● Exercise directions
Exact repetition is required: output every record in full.

● Items listed in a dataset
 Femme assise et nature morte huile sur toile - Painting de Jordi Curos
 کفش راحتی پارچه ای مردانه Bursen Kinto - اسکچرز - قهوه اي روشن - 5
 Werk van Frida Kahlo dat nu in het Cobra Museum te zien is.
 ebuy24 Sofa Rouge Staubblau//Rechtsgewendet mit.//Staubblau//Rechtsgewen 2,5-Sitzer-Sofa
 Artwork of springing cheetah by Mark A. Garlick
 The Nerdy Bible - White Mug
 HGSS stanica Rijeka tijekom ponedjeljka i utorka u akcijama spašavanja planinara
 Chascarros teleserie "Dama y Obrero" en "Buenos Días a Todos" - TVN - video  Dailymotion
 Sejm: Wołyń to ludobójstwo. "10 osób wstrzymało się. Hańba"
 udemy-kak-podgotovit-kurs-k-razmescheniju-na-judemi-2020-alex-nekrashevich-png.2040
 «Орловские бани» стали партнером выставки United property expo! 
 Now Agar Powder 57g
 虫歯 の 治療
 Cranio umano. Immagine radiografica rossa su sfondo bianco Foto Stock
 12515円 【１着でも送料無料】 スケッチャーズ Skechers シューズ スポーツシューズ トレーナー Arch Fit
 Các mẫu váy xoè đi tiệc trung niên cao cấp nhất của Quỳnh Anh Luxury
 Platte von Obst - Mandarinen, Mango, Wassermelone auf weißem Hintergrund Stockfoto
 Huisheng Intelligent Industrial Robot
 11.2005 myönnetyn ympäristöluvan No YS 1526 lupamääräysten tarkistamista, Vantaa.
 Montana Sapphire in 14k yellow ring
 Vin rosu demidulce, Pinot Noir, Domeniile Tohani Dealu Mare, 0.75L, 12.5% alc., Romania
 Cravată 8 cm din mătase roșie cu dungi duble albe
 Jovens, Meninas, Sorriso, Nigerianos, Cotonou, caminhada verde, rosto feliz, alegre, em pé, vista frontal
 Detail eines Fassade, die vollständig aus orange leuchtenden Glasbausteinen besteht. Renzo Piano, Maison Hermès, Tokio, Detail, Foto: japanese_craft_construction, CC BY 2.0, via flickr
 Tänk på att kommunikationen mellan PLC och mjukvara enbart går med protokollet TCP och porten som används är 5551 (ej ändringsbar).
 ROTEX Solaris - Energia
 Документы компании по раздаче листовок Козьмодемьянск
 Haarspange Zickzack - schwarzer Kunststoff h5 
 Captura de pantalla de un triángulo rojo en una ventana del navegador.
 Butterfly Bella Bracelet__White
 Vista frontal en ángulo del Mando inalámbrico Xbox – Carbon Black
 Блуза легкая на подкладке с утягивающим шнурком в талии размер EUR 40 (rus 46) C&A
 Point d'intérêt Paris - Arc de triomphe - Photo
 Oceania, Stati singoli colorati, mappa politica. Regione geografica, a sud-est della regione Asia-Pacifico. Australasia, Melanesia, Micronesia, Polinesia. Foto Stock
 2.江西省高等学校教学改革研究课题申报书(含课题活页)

● Result of the exercise
 Femme assise et nature morte huile sur toile - Painting de Jordi Curos
 کفش راحتی پارچه ای مردانه Bursen Kinto - اسکچرز - قهوه اي روشن - 5
 Werk van Frida Kahlo dat nu in het Cobra Museum te zien is.
 ebuy24 Sofa Rouge Staubblau//Rechtsgewendet mit.//Staubblau//Rechtsgewen 2,5-Sitzer-Sofa
 Artwork of springing cheetah by Mark A. Garlick
 The Nerdy Bible - White Mug
 HGSS stanica Rijeka tijekom ponedjeljka i utorka u akcijama spašavanja planinara
 Chascarros teleserie "Dama y Obrero" en "Buenos Días a Todos" - TVN - video  Dailymotion
 Sejm: Wołyń to ludobójstwo. "10 osób wstrzymało się. Hańba"
 udemy-kak-podgotovit-kurs-k-razmescheniju-na-judemi-2020-alex-nekrashevich-png.2040
 «Орловские бани» стали партнером выставки United property expo! 
 Now Agar Powder 57g
 虫歯 の 治療
 Cranio umano. Immagine radiografica rossa su sfondo bianco Foto Stock
 12515円 【１着でも送料無料】 スケッチャーズ Skechers シューズ スポーツシューズ トレーナー Arch Fit
 Các mẫu váy xoè đi tiệc trung niên cao cấp nhất của Quỳnh Anh Luxury
 Platte von Obst - Mandarinen, Mango, Wassermelone auf weißem Hintergrund Stockfoto
 Huisheng Intelligent Industrial Robot
 11.2005 myönnetyn ympäristöluvan No YS 1526 lupamääräysten tarkistamista, Vantaa.
 Montana Sapphire in 14k yellow ring
 Vin rosu demidulce, Pinot Noir, Domeniile Tohani Dealu Mare, 0.75L, 12.5% alc., Romania
 Cravată 8 cm din mătase roșie cu dungi duble albe
 Jovens, Meninas, Sorriso, Nigerianos, Cotonou, caminhada verde, rosto feliz, alegre, em pé, vista frontal
 Detail eines Fassade, die vollständig aus orange leuchtenden Glasbausteinen besteht. Renzo Piano, Maison Hermès, Tokio, Detail, Foto: japanese_craft_construction, CC BY 2.0, via flickr
 Tänk på att kommunikationen mellan PLC och mjukvara enbart går med protokollet TCP och porten som används är 5551 (ej ändringsbar).
 ROTEX Solaris - Energia
 Документы компании по раздаче листовок Козьмодемьянск
 Haarspange Zickzack - schwarzer Kunststoff h5 
 Captura de pantalla de un triángulo rojo en una ventana del navegador.
 Butterfly Bella Bracelet__White
 Vista frontal en ángulo del Mando inalámbrico Xbox – Carbon Black
 Блуза легкая на подкладке с утягивающим шнурком в талии размер EUR 40 (rus 46) C&A
 Point d'intérêt Paris - Arc de triomphe - Photo
 Oceania, Stati singoli colorati, mappa politica. Regione geografica, a sud-est della regione Asia-Pacifico. Australasia, Melanesia, Micronesia, Polinesia. Foto Stock
 2.江西省高等学校教学改革研究课题申报书(含课题活页)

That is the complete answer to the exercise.